Why? Because [of] what psychologists would call a bad reinforcement schedule. The mortgage guy — the mortgage originator — had every interest in giving mortgages, and very little interest in worrying about their security, because he could sell them on … into these securitized things, these securitized bundles. So securitization, in fact, far from being a good idea, is a really bad idea — I mean, extraordinarily bad idea.
Kokai: People will have to read the book to learn more about the malign hand and how it exists, but let’s take the remaining moments that we have to talk about some of the ideas you have for addressing it. You do think that there are some things that can and should be done to help address the possible impact of the malign hand. What are they?

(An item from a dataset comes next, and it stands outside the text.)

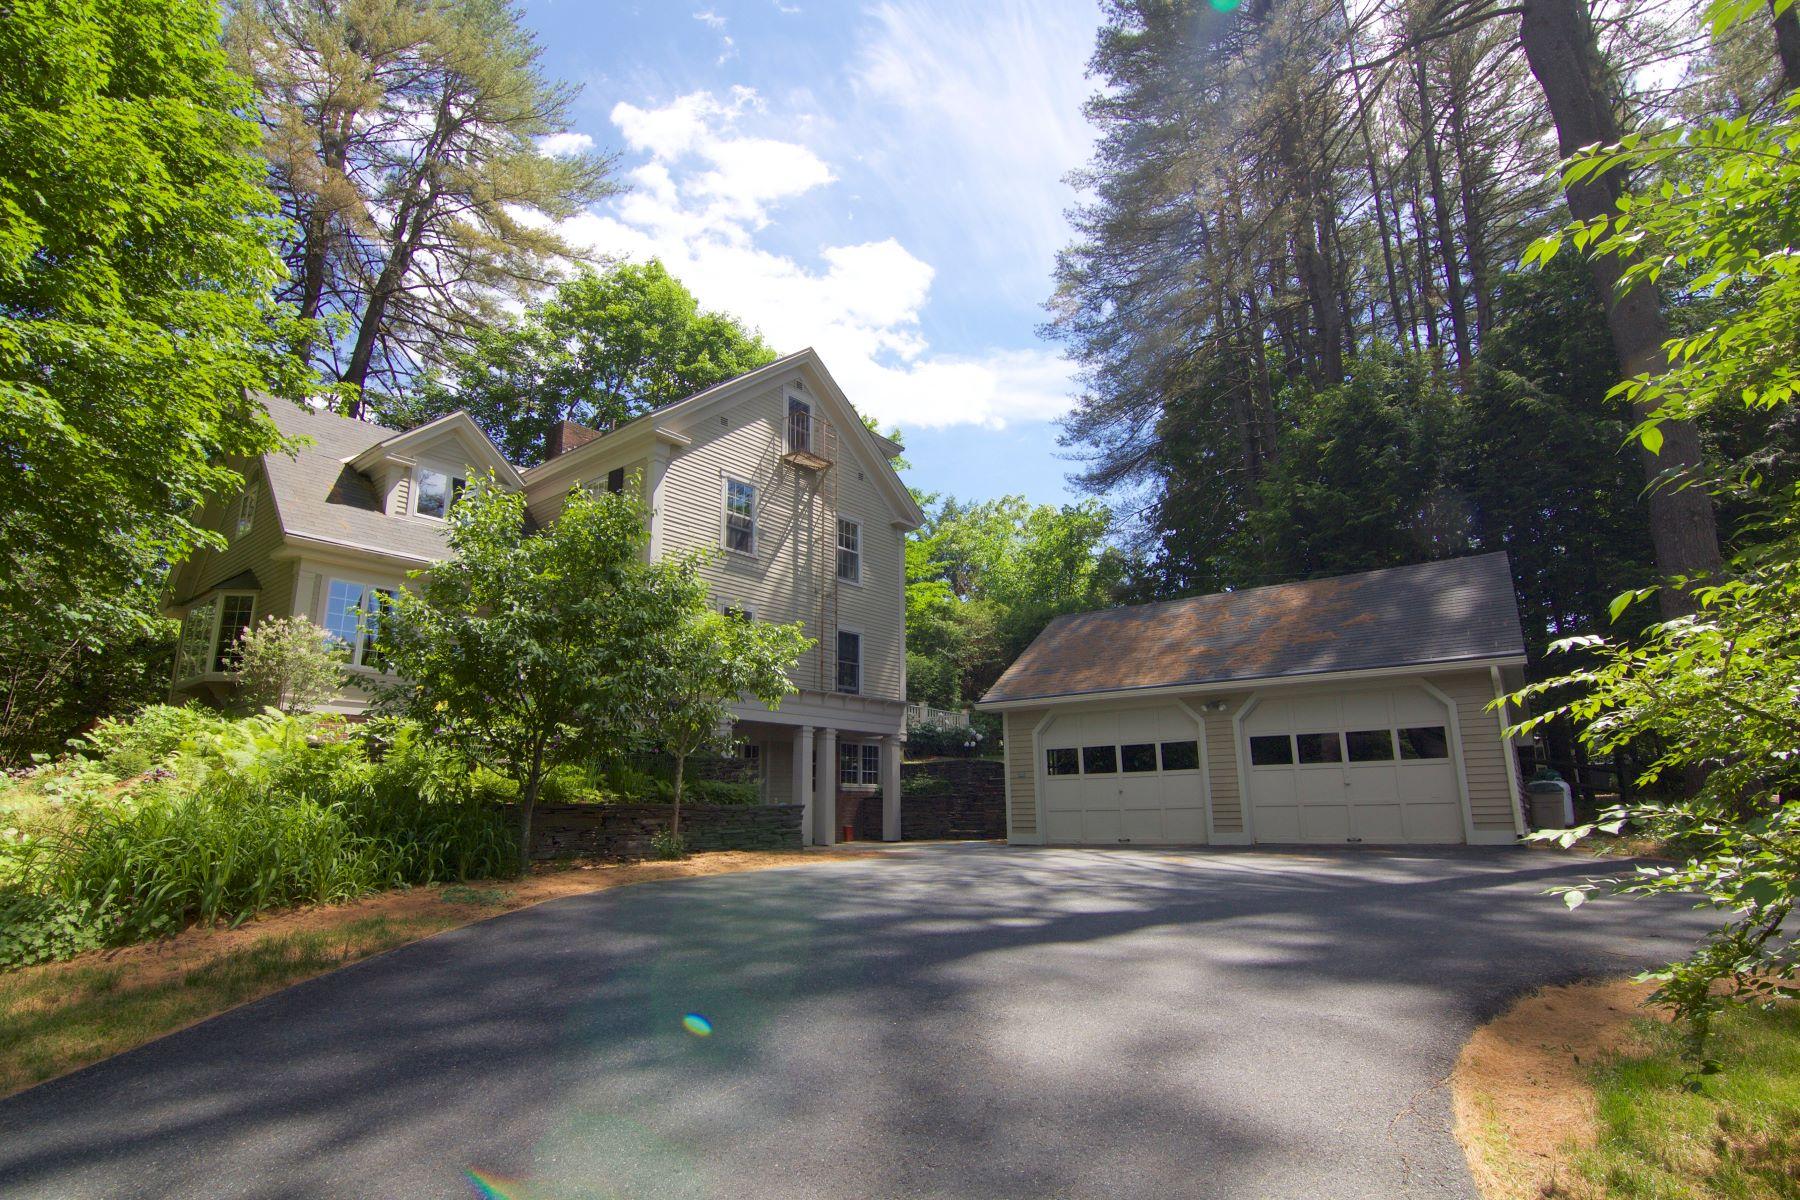 Tek Ailelik Ev için Satış at 20 Valley Road Rd, Hanover Hanover, New Hampshire, 03755 Amerika Birleşik Devletleri

Staddon: One of them is to fight the tendency of all financial markets to shed risk. I mean, the whole aim of everybody in the financial system is to pass on risk to other people. And there are wonderful phrases for this. They say, “Well, risk should be passed to those best able to bear it,” as if there’s some kind of, you know, socialistic welfare state. It’s a grotesque idea. Of course, what they’re doing is shedding responsibility. They’re shedding responsibility for the actions that they have taken, and I think rules should be in place to prevent that, and they’re not complicated. They’re really not complicated.
One rule I talk about, I call the “insuranburn rule.” This comes from a wonderful book by V.S. Naipaul, A House for Mr. Biswas. “Insuranburn” refers to the fact that in Trinidad disreputable people would buy a house at a discounted price, insure it for a much higher value, and then burn it and collect the insurance. Well, great for them, right?
It seems like a good idea. How could that possibly happen in financial markets, when in fact, if you look at financial markets, you might find that many of their products amount to “insuranburn”? They’re insuring something that they have very little interest in, and now they have an interest in destroying it. So an “insuranburn rule” is one very obvious thing to do.